Let’s look at an example command line that will place a tracer on the kernel’s sys_open()
function and display all calls with their arguments:
stap -e 'probe syscall.open {printf("%s: %s\n", execname(), argstr)}'
Note: you can use the -k option to keep a trace of your compilation in /tmp to check if there was a problem during a step
FAQ
SystemTap ERROR: Build-id mismatch
If you observe this type of behavior when compiling a SystemTap module, it’s likely that the kernel-dev version is different from the version of the kernel currently running on your machine. To verify this, compare the Build-id of the running kernel:
> eu-readelf -n /boot/vmlinuz-`uname -r` | grep "Build ID"

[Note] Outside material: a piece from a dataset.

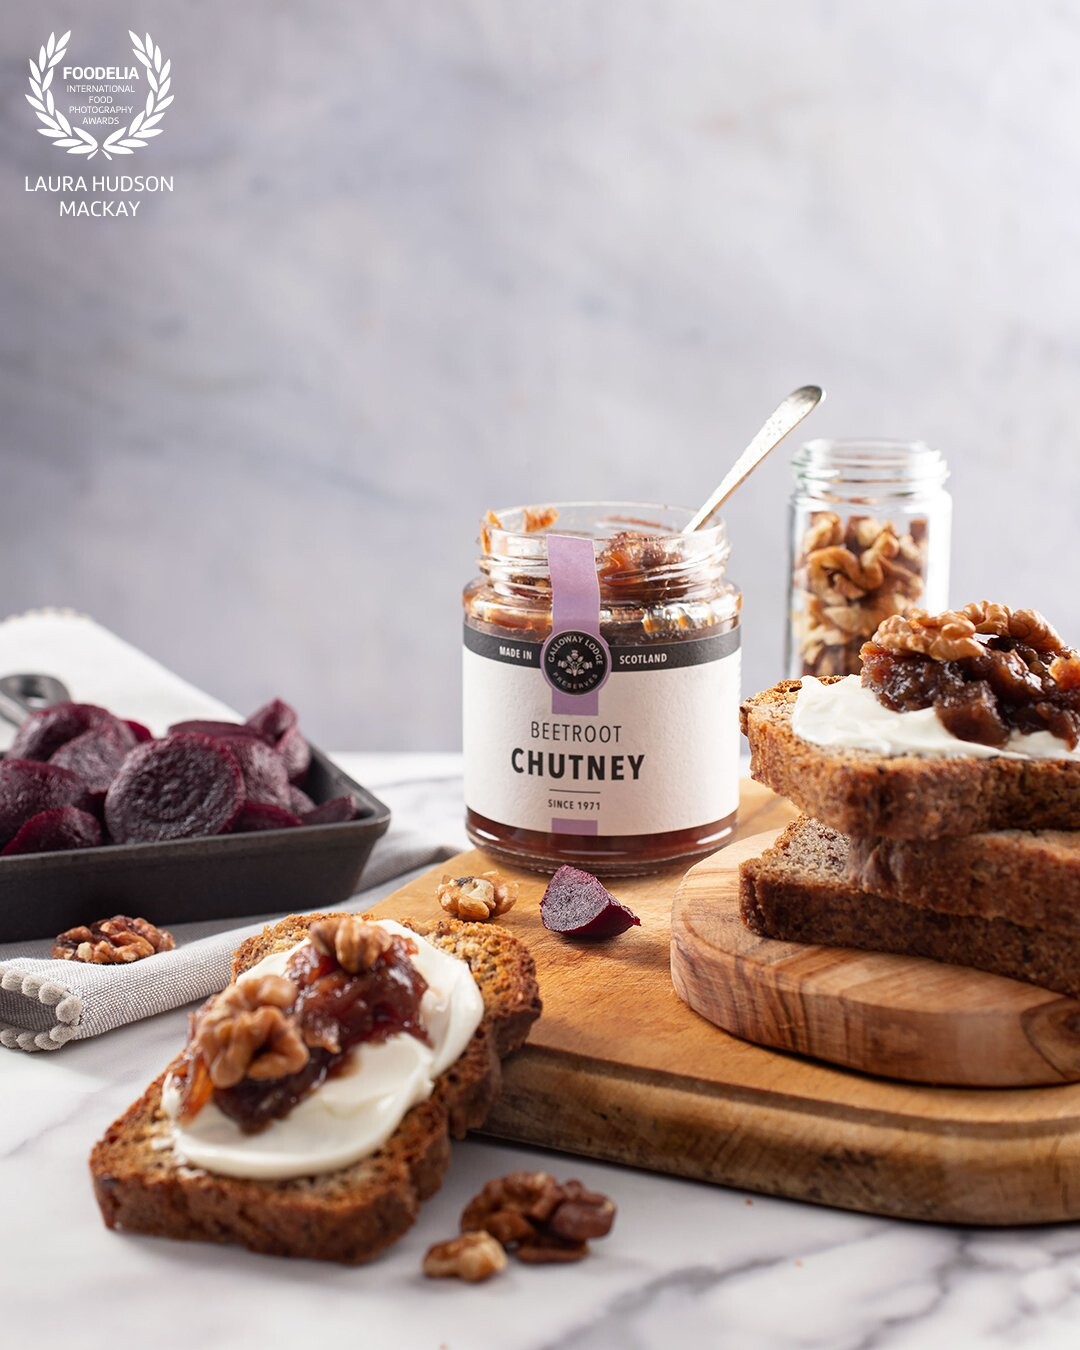 I have the pleasure to style and shoot for award winning Preserves and Condiments Producer, Galloway Lodge. I chose muted colour for the surface, backdrop and fabrics for this product, which makes the beetroot chutney POP! It’s delicious by the way!

Build ID: efbb1bd2e40f890370b8f2fc536c991a2d4abda7
With that of the kernel-dev module:
> eu-readelf -n /usr/lib/debug/lib/modules/my_kernel_version/vmlinux | grep "Build ID"
Build ID: adcf5270333d375aa5a034523b006373e8f54e48
Here we can see there’s a version problem, which will result in this type of message:
Pass 5: starting execution
ERROR: Build-id mismatch: "kernel" vs. "vmlinux" byte 0 (0xad vs 0xef) address 0xffffffff814f7380 rc 0
Warning: /usr/bin/staprun exited with status: 1
Pass 5: run completed in 10usr/10sys/232real ms.
Pass 5: execution failed.Try again with an additional '--vp 00001' option.
To solve your problem, just take the correct version of each required packages.
Last updated 31 Dec 2011, 14:15 +0200.